Make an exact copy of the listing so that no picture is carried over.

Information supplied >>
>>>>

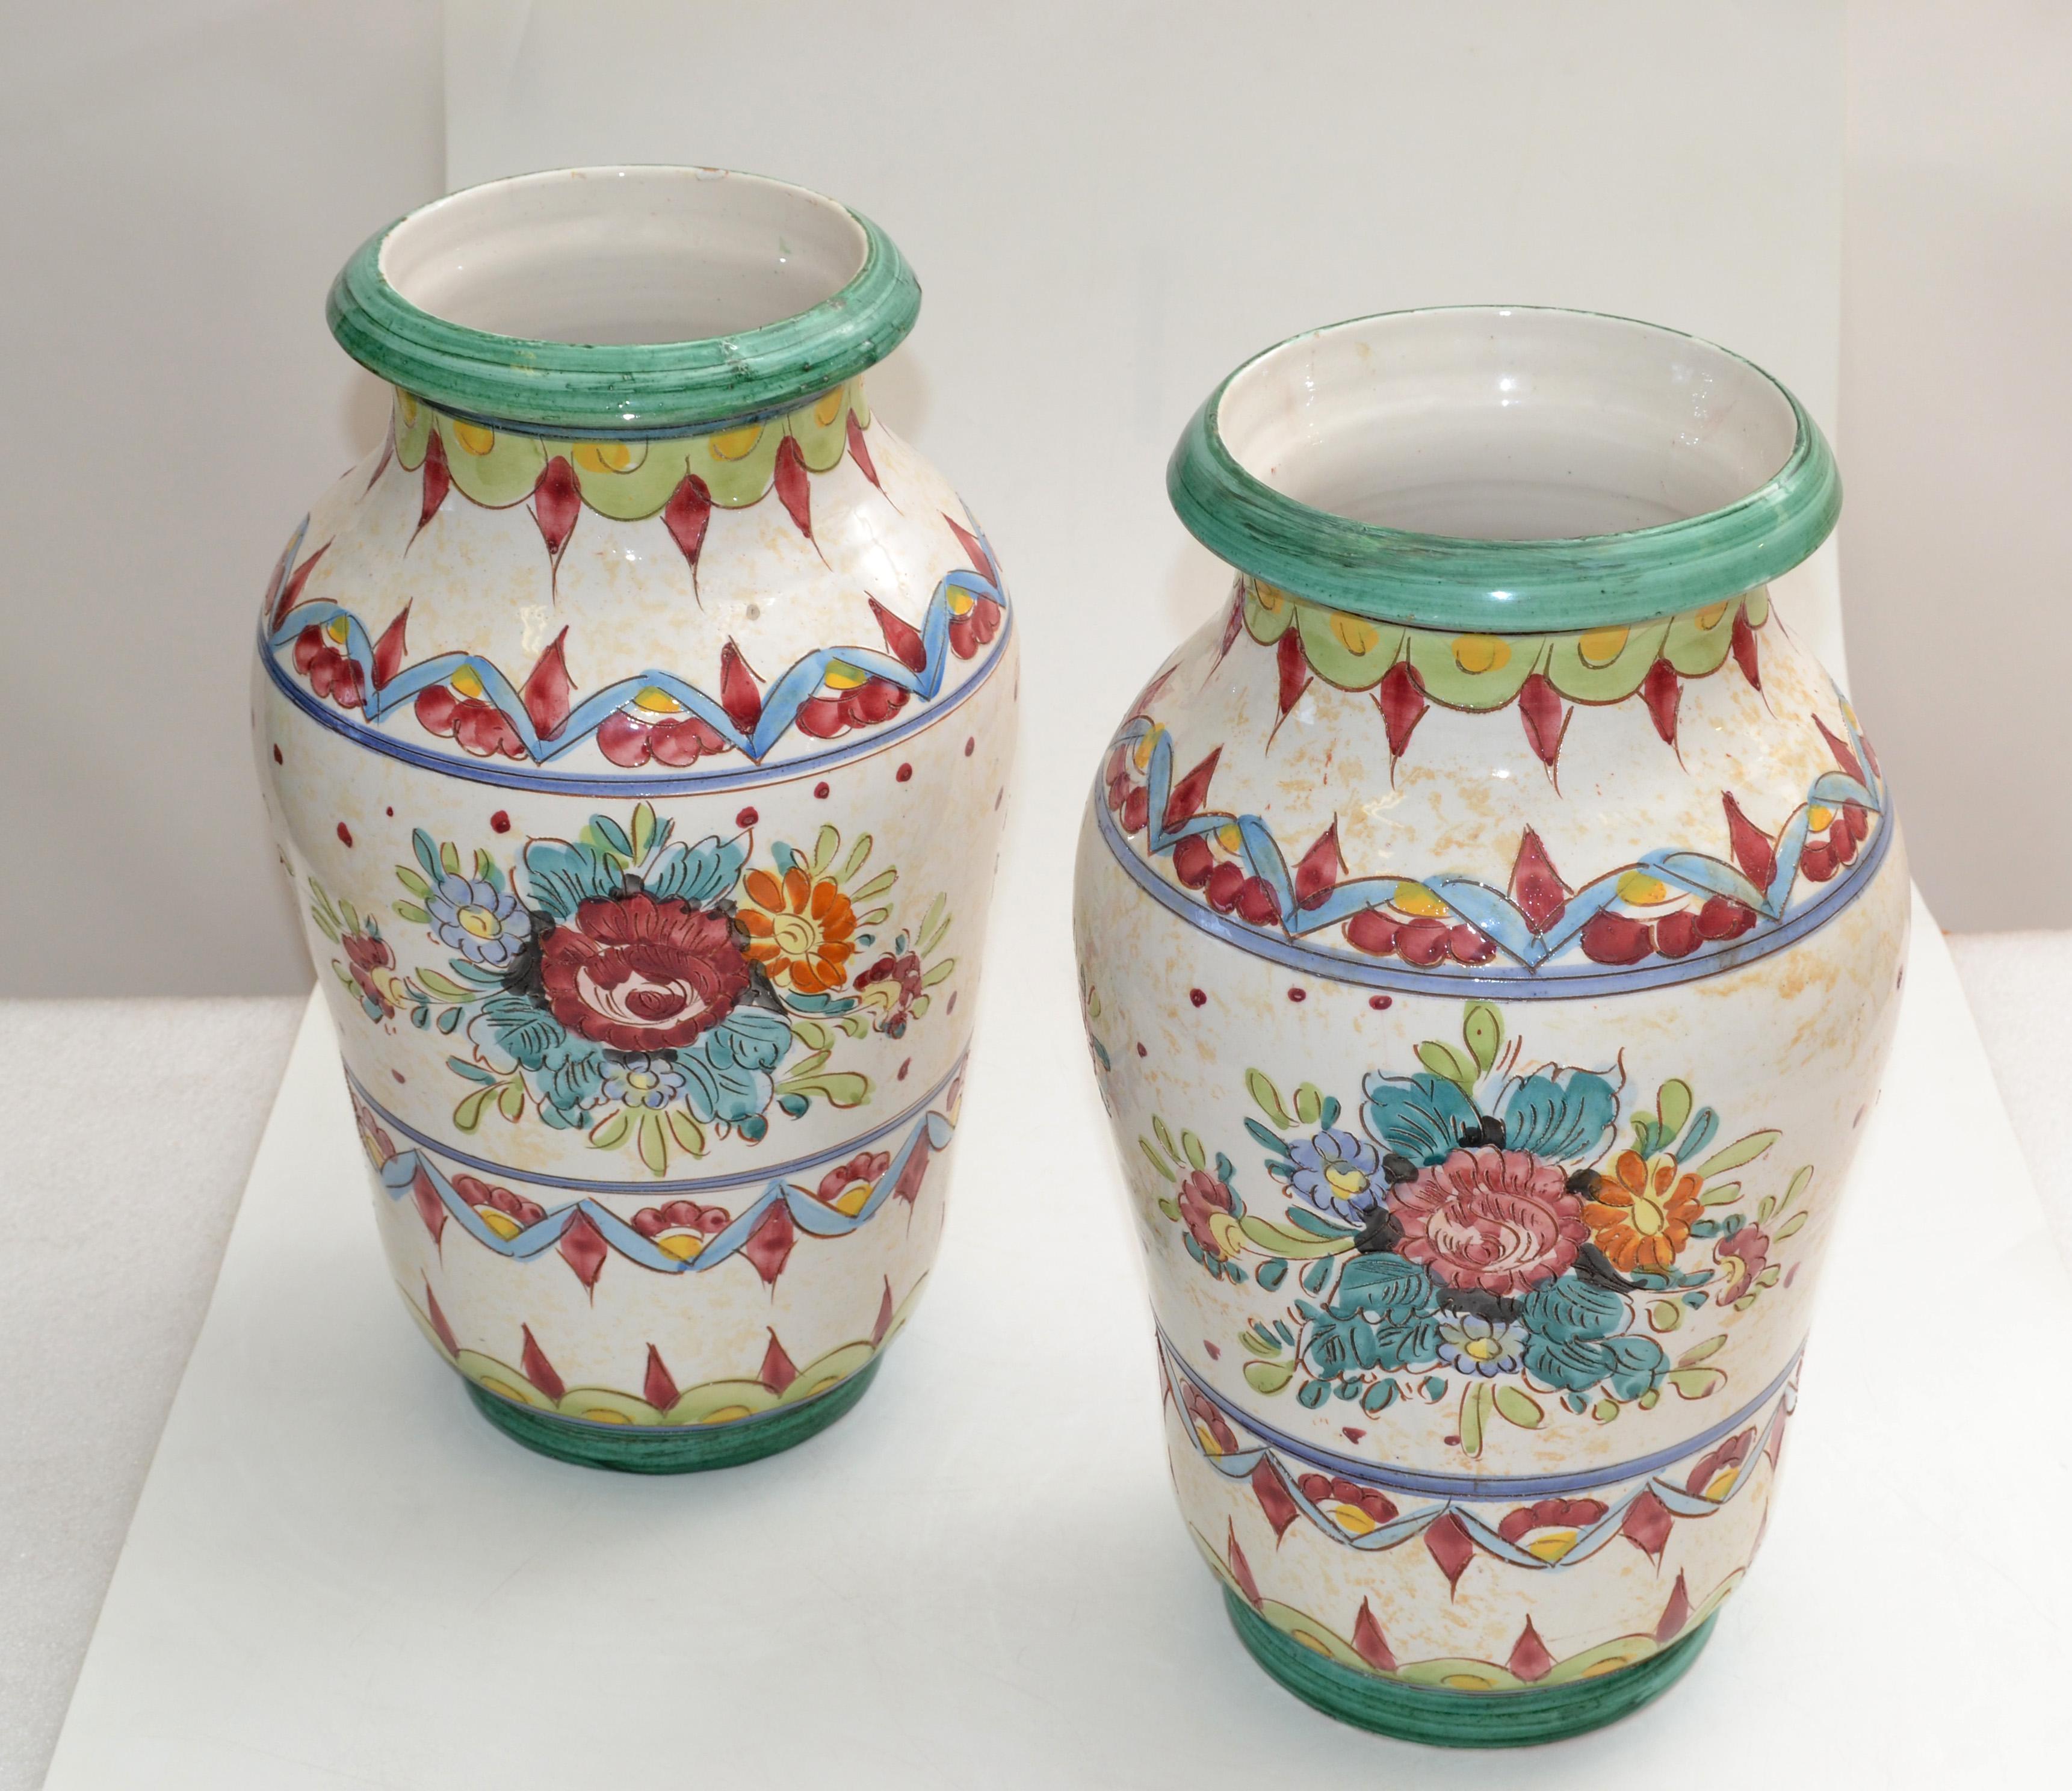 Set of 2 Italian handcrafted and hand painted Deruta style ceramic vases in white and mint foundation and bordeaux / blue flower motif.
The outside and inside is glazed.
The opening of the Vases are 5.75 inches & 6.5 inches.
Both are marked Italy

<<<<

Result of this exercise >>
 Set of 2 Italian handcrafted and hand painted Deruta style ceramic vases in white and mint foundation and bordeaux / blue flower motif.
The outside and inside is glazed.
The opening of the Vases are 5.75 inches & 6.5 inches.
Both are marked Italy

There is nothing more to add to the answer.